Aim of the exercise — Leave out all pictures while you copy the lines exactly from the one with "Bronx NY-New York" through the last line of the listing.

Supplied data —
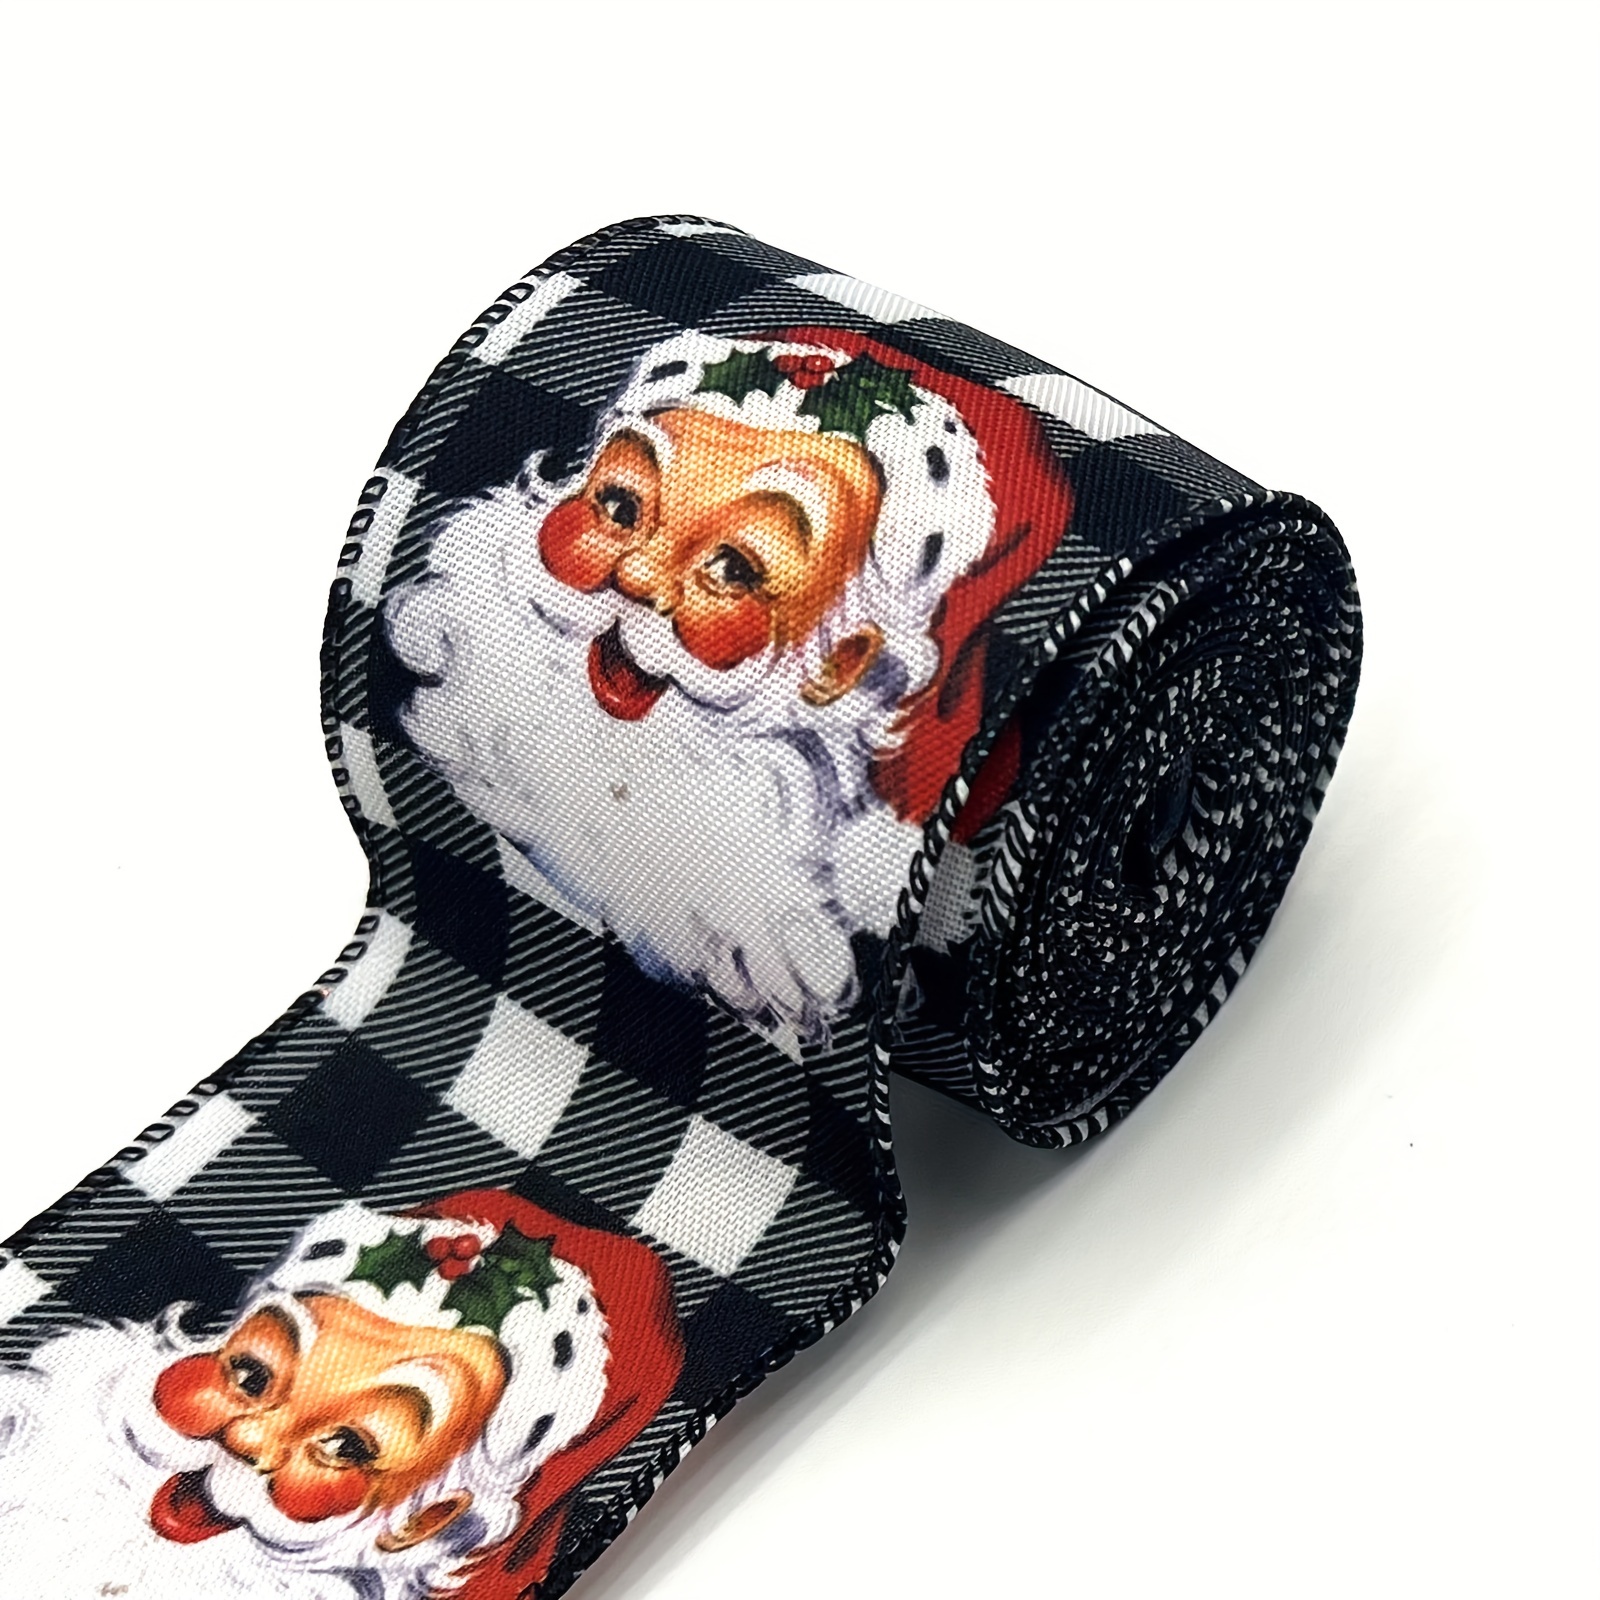 Bow Cap Accessories, Gift Ribbons Wrap, Christmas Ribbon
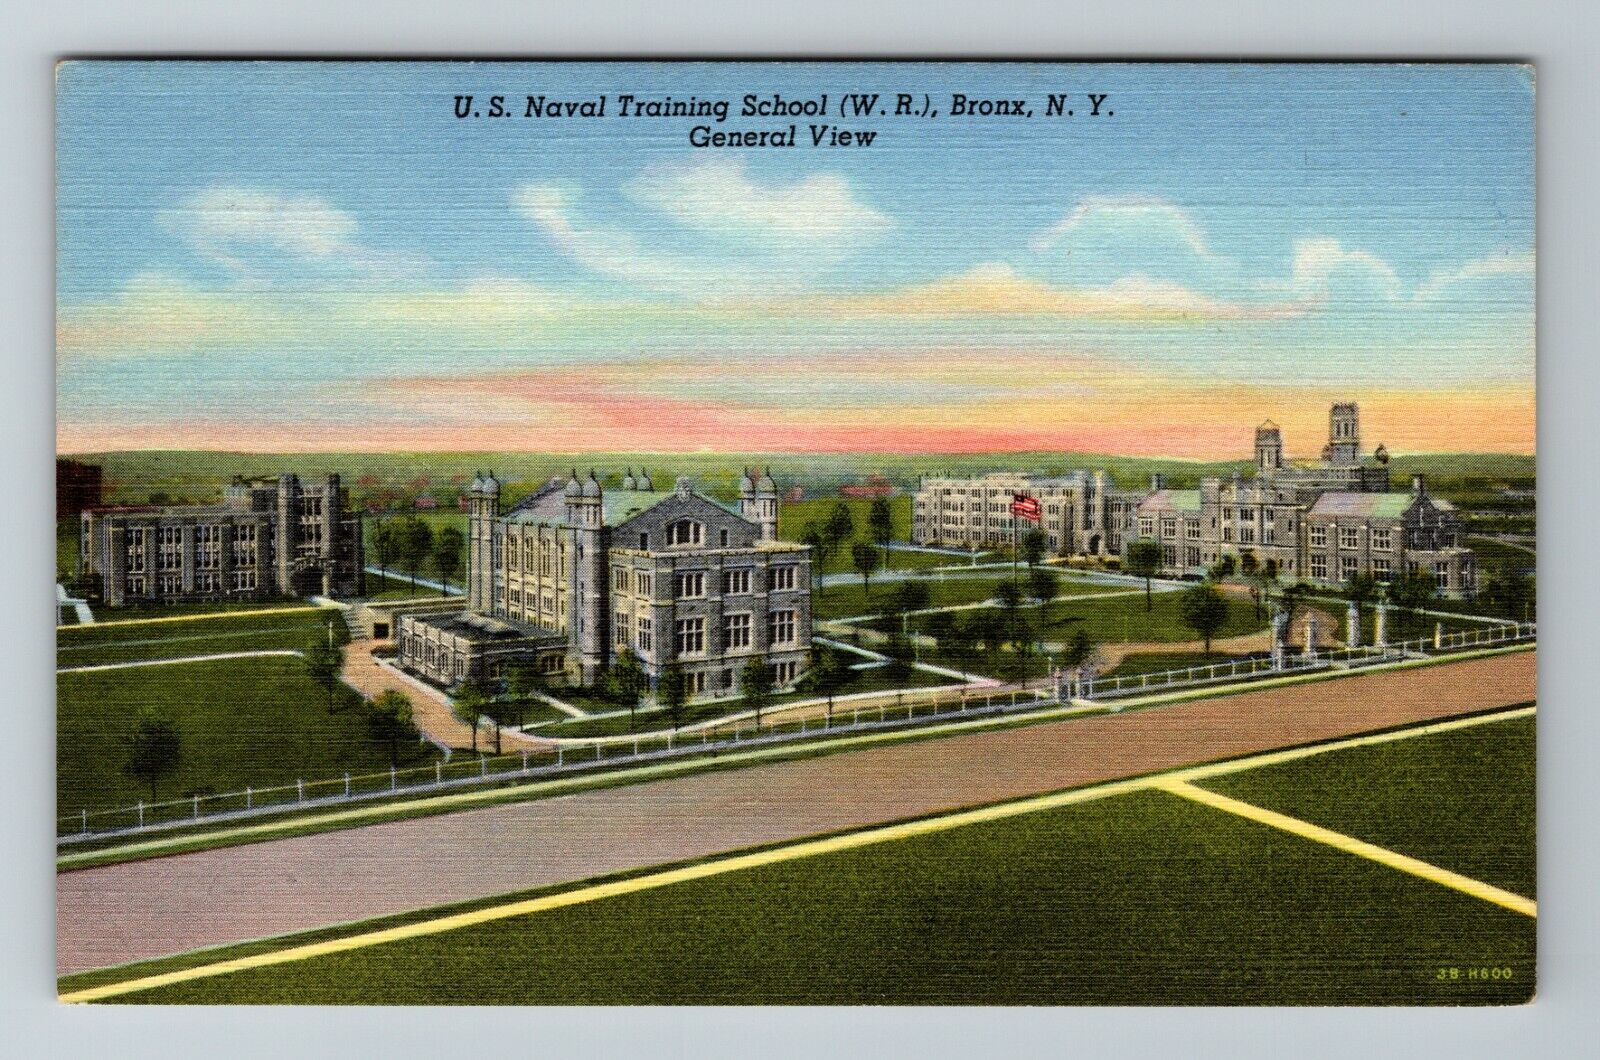 Bronx NY-New York City Naval Training School General View  Vintage Postcard
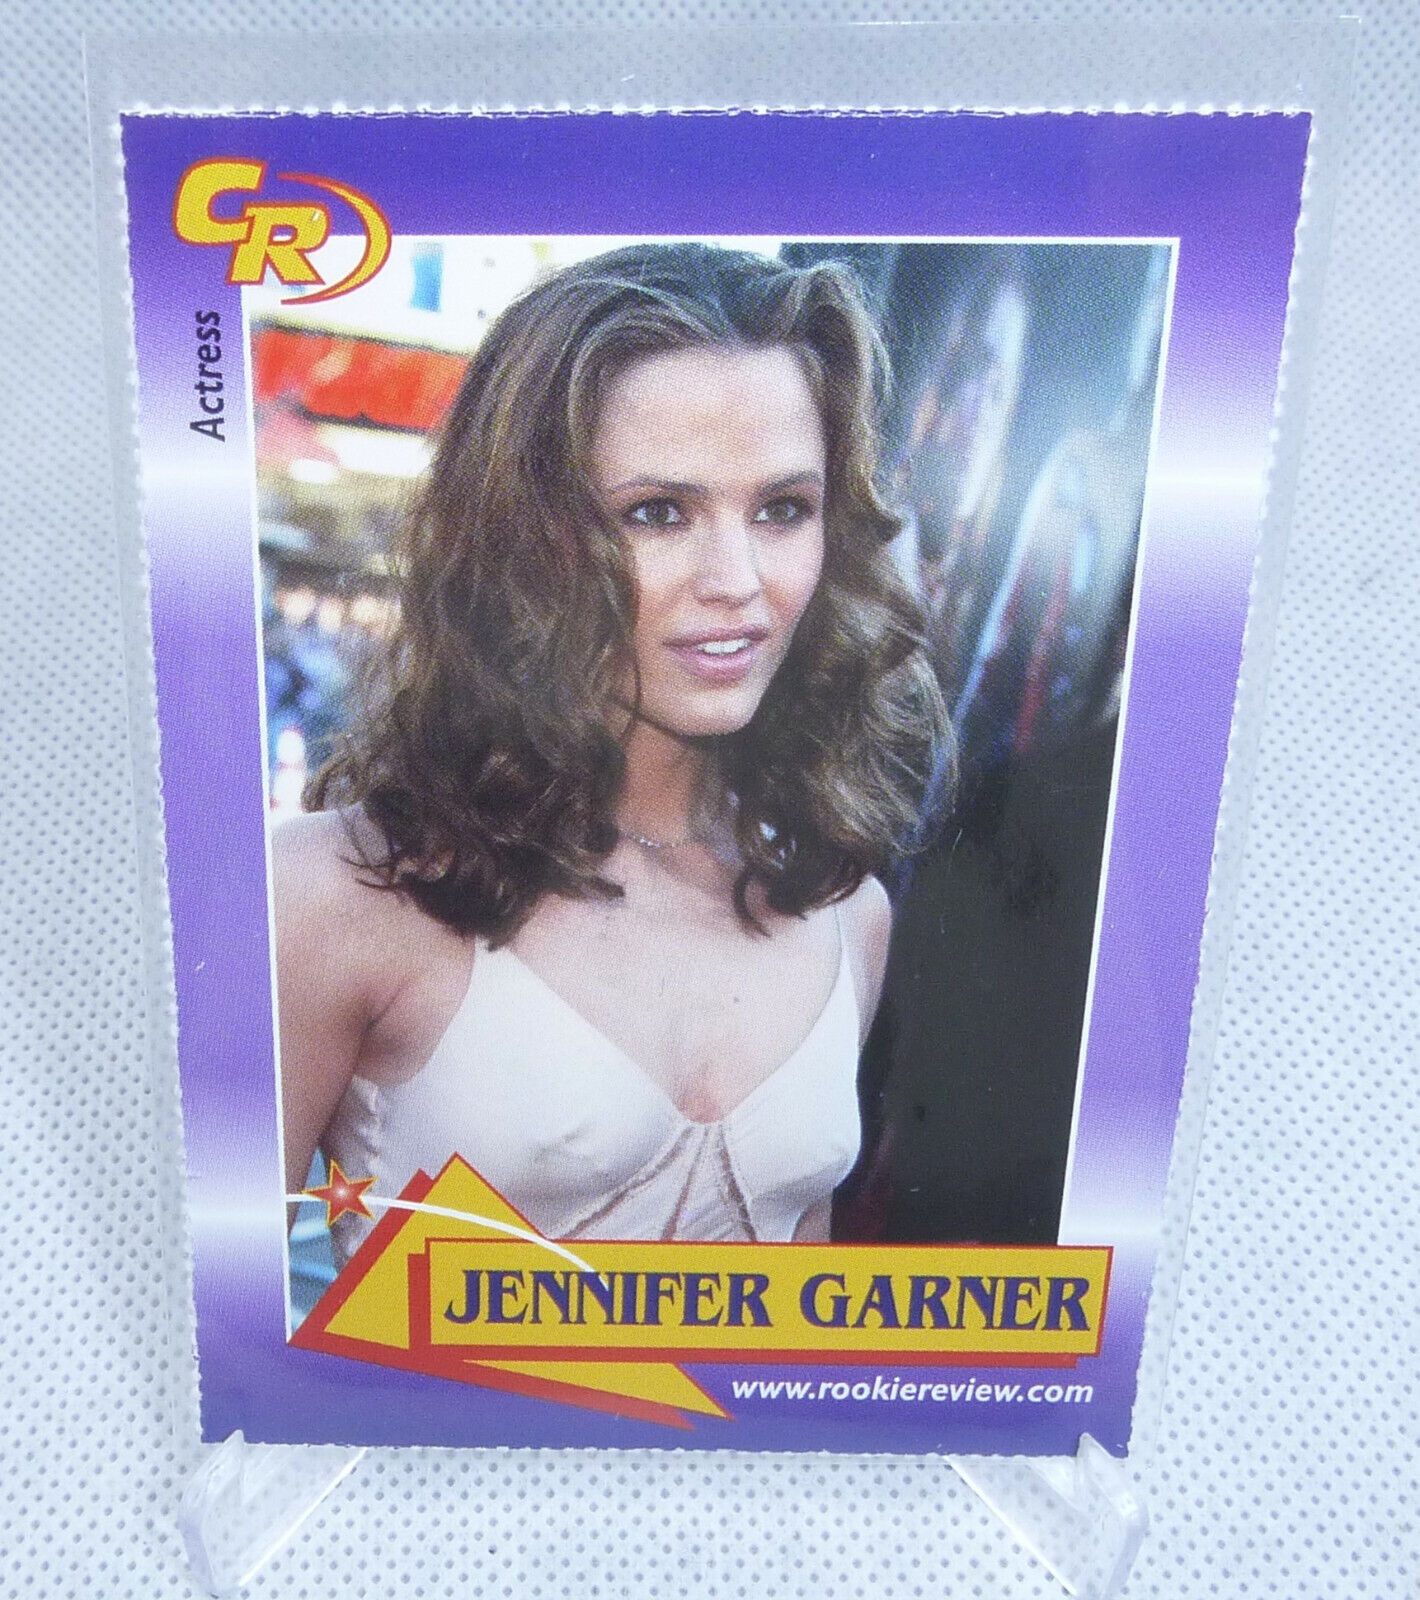 2003 Celebrity Review Rookie Review Jennifer Garner Actress Card #11
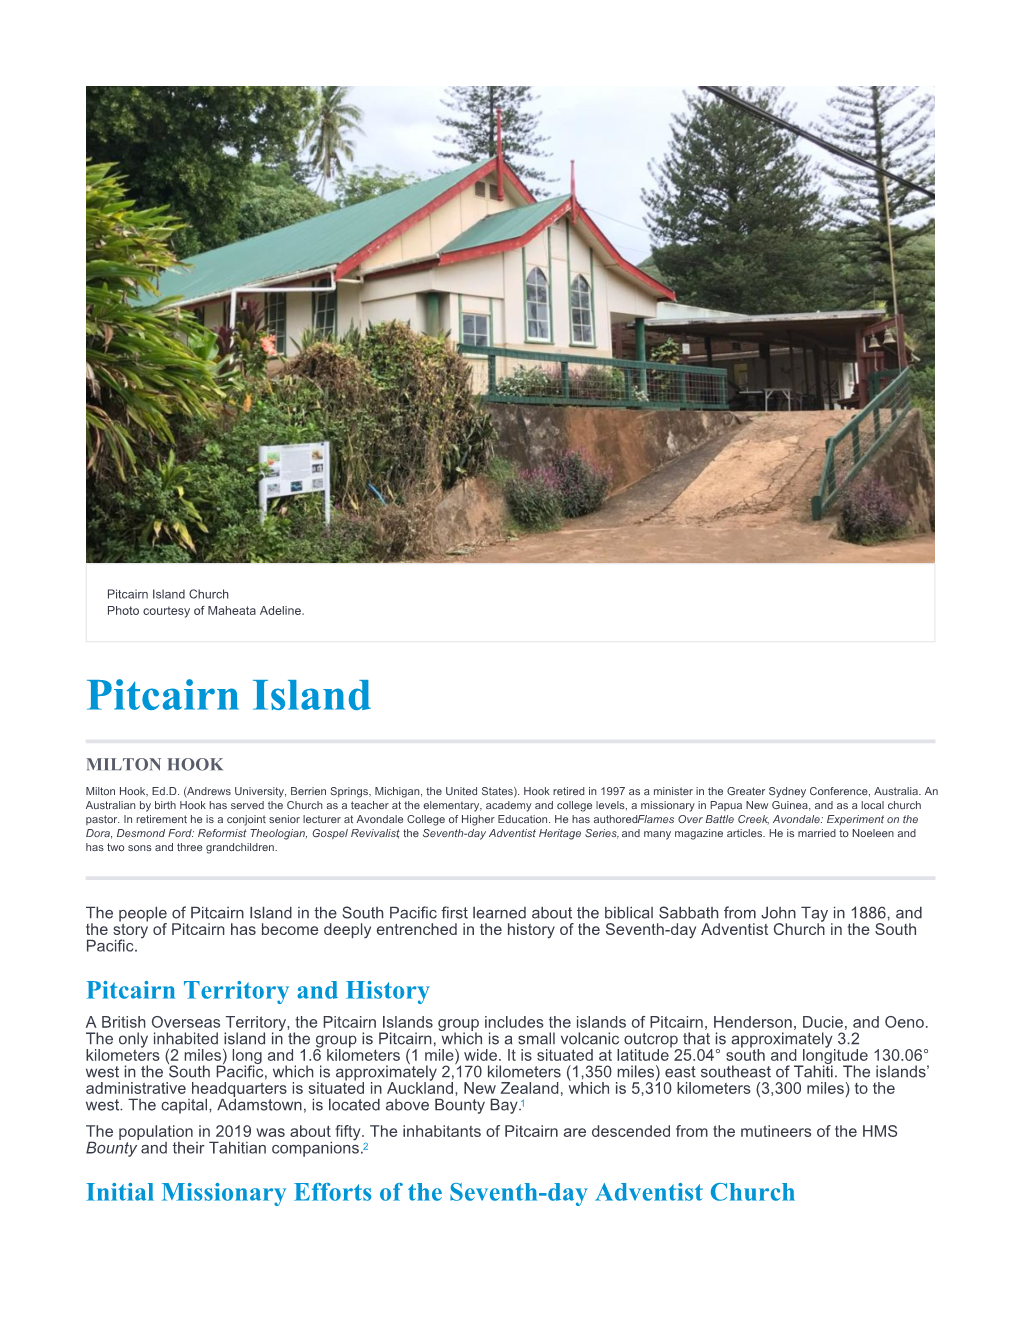 Pitcairn Island Church Photo Courtesy of Maheata Adeline

Response to the task —
 Bronx NY-New York City Naval Training School General View  Vintage Postcard
 2003 Celebrity Review Rookie Review Jennifer Garner Actress Card #11
 Pitcairn Island Church Photo Courtesy of Maheata Adeline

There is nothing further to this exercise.